LLM Model Tiers & Quantization

Tokens

The basic unit LLMs work with. Text is split into tokens before the model processes it. A token is roughly 4 characters of English or 0.75 words. Code uses slightly more tokens than prose because of syntax characters like brackets and semicolons. A 100-line function is roughly 500-800 tokens. Pricing, context windows, and speed are all measured in tokens.

Parameters (7B, 34B, 70B)

A model's size is measured by how many numbers (parameters) it learned during training. 7B means 7 billion parameters. More parameters generally means better reasoning but more GPU memory and slower inference. Think of it like engine size in a car: a bigger engine is more powerful but burns more fuel.

FP16 (16-bit float)

The default way to store a model's parameters, using 16 bits per number. Full precision, no quality loss. A 70B model needs ~140 GB GPU memory for weights alone. Used for agent tasks and complex reasoning where quality matters most. This is the baseline everything else is compared against.

INT8 (8-bit integer)

A compression technique that rounds each parameter from 16 bits down to 8 bits. Like converting a high-res photo to medium-res: smaller file, barely noticeable difference. Halves memory vs FP16 (~70 GB for 70B). Roughly 1% quality drop. Good balance for multi-line code completions.

INT4 (GPTQ / AWQ)

Aggressive compression down to 4 bits per parameter, using algorithms like GPTQ or AWQ to minimize quality loss. Quarters memory vs FP16 (~35 GB for 70B). About 3% drop for completions, 8% for reasoning. Used for fast inline autocomplete where speed matters more than depth.

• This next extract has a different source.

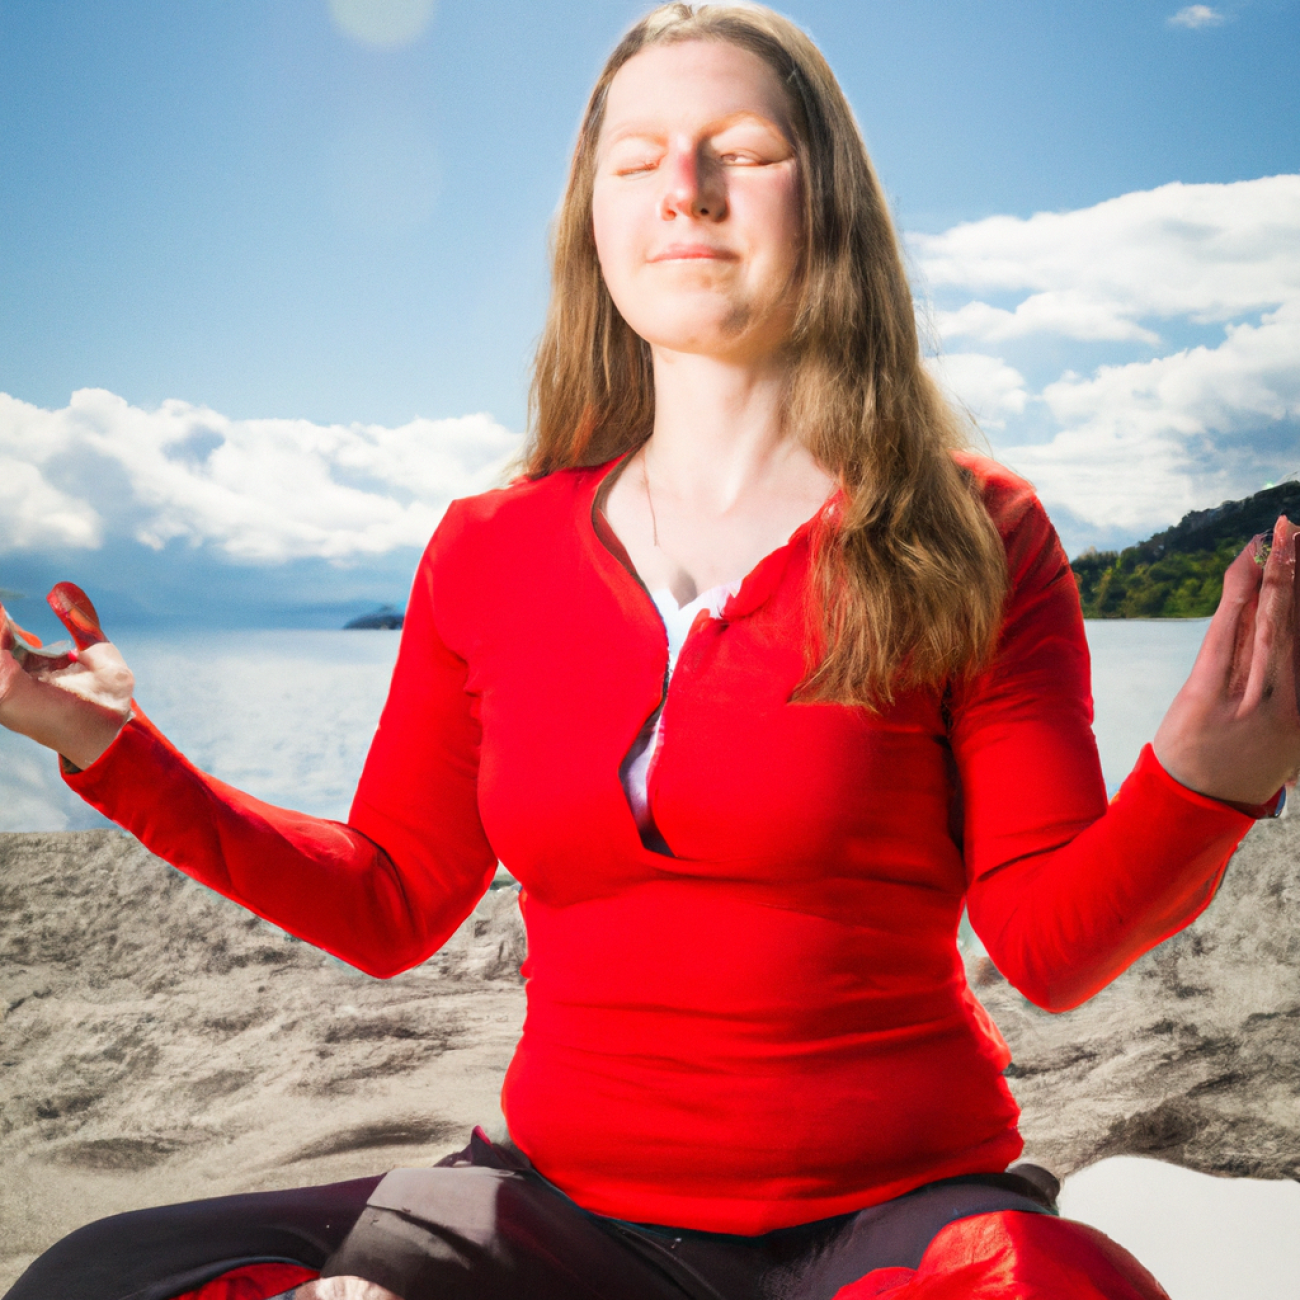 5. Doporučení pro zlepšení hormonálního zdraví: Začleňte meditaci ve Vederu do svého každodenního života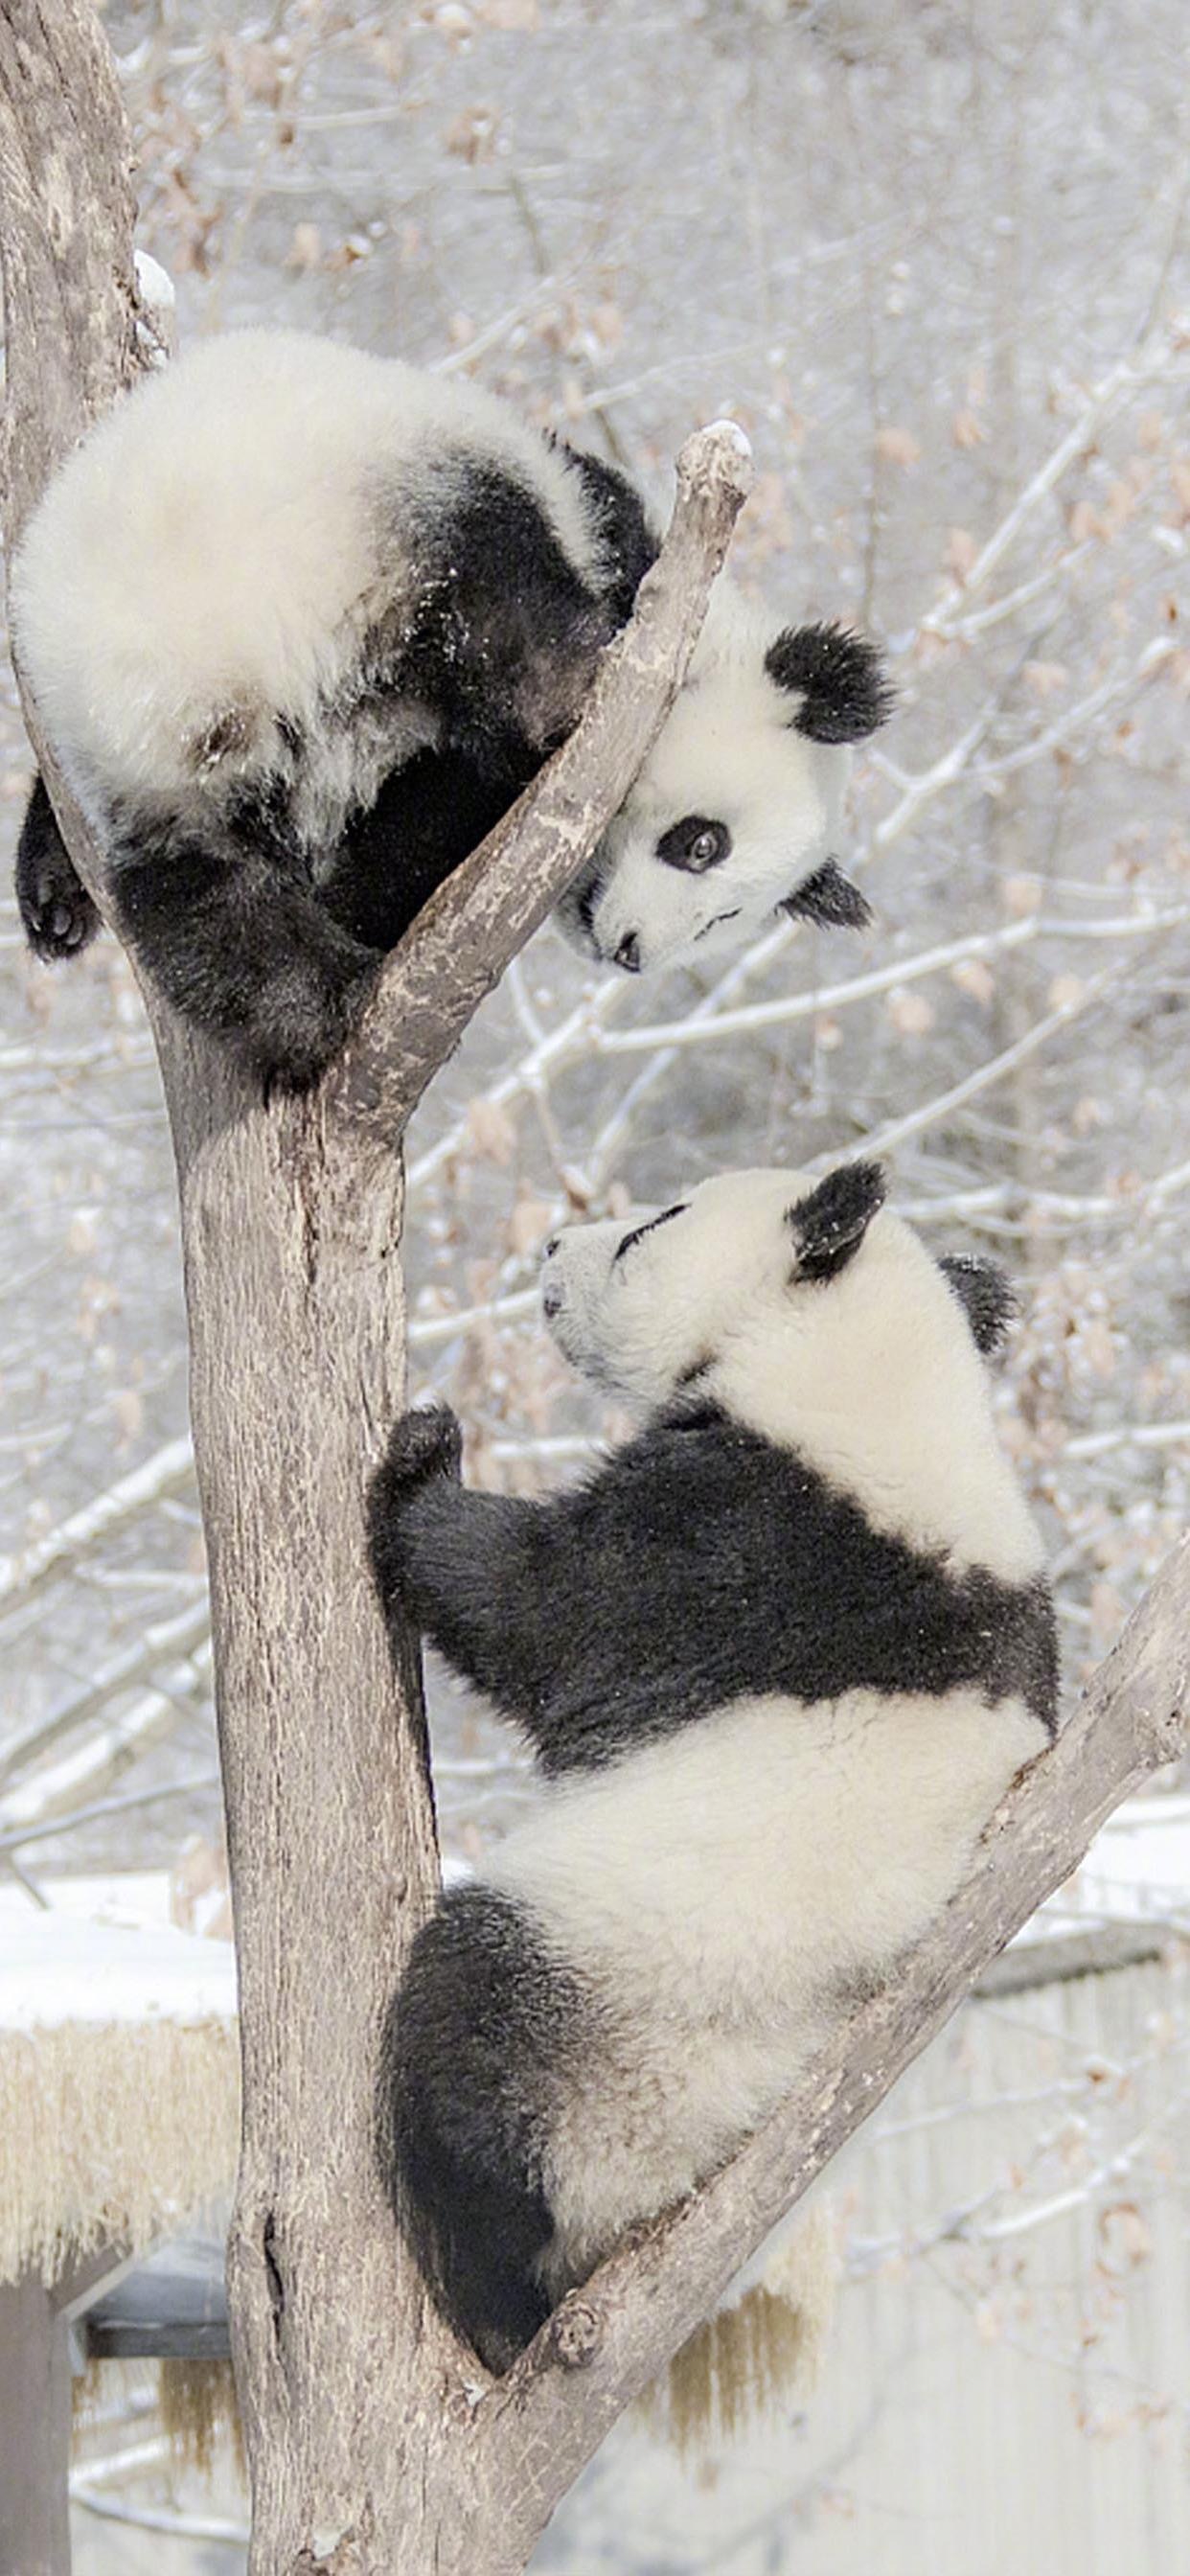 大熊猫雪地嬉戏手机壁纸

TTFT (Time to First Token)

How quickly the model starts responding, measured from when the request is sent to when the first word appears. This is what developers actually feel as speed. Target: under 200ms for autocomplete, under 3s for agent tasks. A 200ms TTFT feels instant even if the full response takes 500ms.

KV-Cache

Think of it as the model's short-term memory for the current conversation. It stores the attention state (key-value matrices) computed while processing the prompt. When a developer types one more character, most of the prompt is unchanged, so the system reuses the cached state instead of recomputing from scratch. This can turn a 100ms computation into 10ms.

Context Window

The maximum amount of text a model can read and respond to in a single call, measured in tokens. Like a desk: bigger desk fits more documents, but papers in the middle tend to get lost. 4K-8K tokens is standard, 128K-200K for frontier models. Quality often degrades in the middle of very long contexts (lost-in-the-middle effect).

Temperature and Top-p

Controls for how 'creative' or 'random' the model's output is. Temperature 0.0 means always pick the most likely next token (deterministic, good for code). Temperature 1.0 means more variety (good for brainstorming). Top-p (nucleus sampling) limits choices to the smallest set of tokens whose probabilities sum to p. For code completions, low temperature (0.2-0.4) with top-p 0.95 is typical.

Speculative Decoding

A speed trick that uses teamwork between two models. A small fast model (7B) guesses the next several tokens. The large accurate model (70B) checks all those guesses in one pass (because verification is cheaper than generation). Correct guesses are kept, wrong ones are regenerated. Provides 1.5-2x speedup in practice.

Continuous Batching

A smarter way to share GPU resources across multiple requests. Instead of waiting for all requests in a batch to finish before serving any of them, GPU slots are freed as individual requests complete and immediately given to waiting requests. Like a restaurant that seats new diners as soon as a table opens, not waiting until every table is free. GPU utilization jumps from roughly 40% to 80-90%.

Fill-in-the-Middle (FIM)

A special prompt format designed for editing existing code, not just writing new code at the end. The prompt includes code BEFORE the cursor and code AFTER the cursor. The model generates what goes in the middle. This way the model knows not to duplicate the code that already exists below. Critical for real-world editing where developers work inside functions, not just at the end of a file.

MoE (Mixture of Experts)

A model architecture where only a fraction of the parameters activate for each token. A 600B-parameter MoE model might only use 37B parameters per token, making it nearly as fast as a 34B dense model but with the knowledge capacity of a much larger one. DeepSeek V3.2 and Mistral Large 3 use this approach. The trade-off: more total memory needed to hold all experts, even though only some fire per request.

Fine-Tuning vs RAG

Two ways to give an LLM knowledge it doesn't have from training. Fine-tuning permanently changes the model weights by training on new data (expensive, slow, bakes knowledge in). RAG retrieves relevant information at query time and injects it into the prompt (cheaper, keeps data fresh, no model changes). For code assistants, RAG is preferred because codebases change constantly and fine-tuning can't keep up.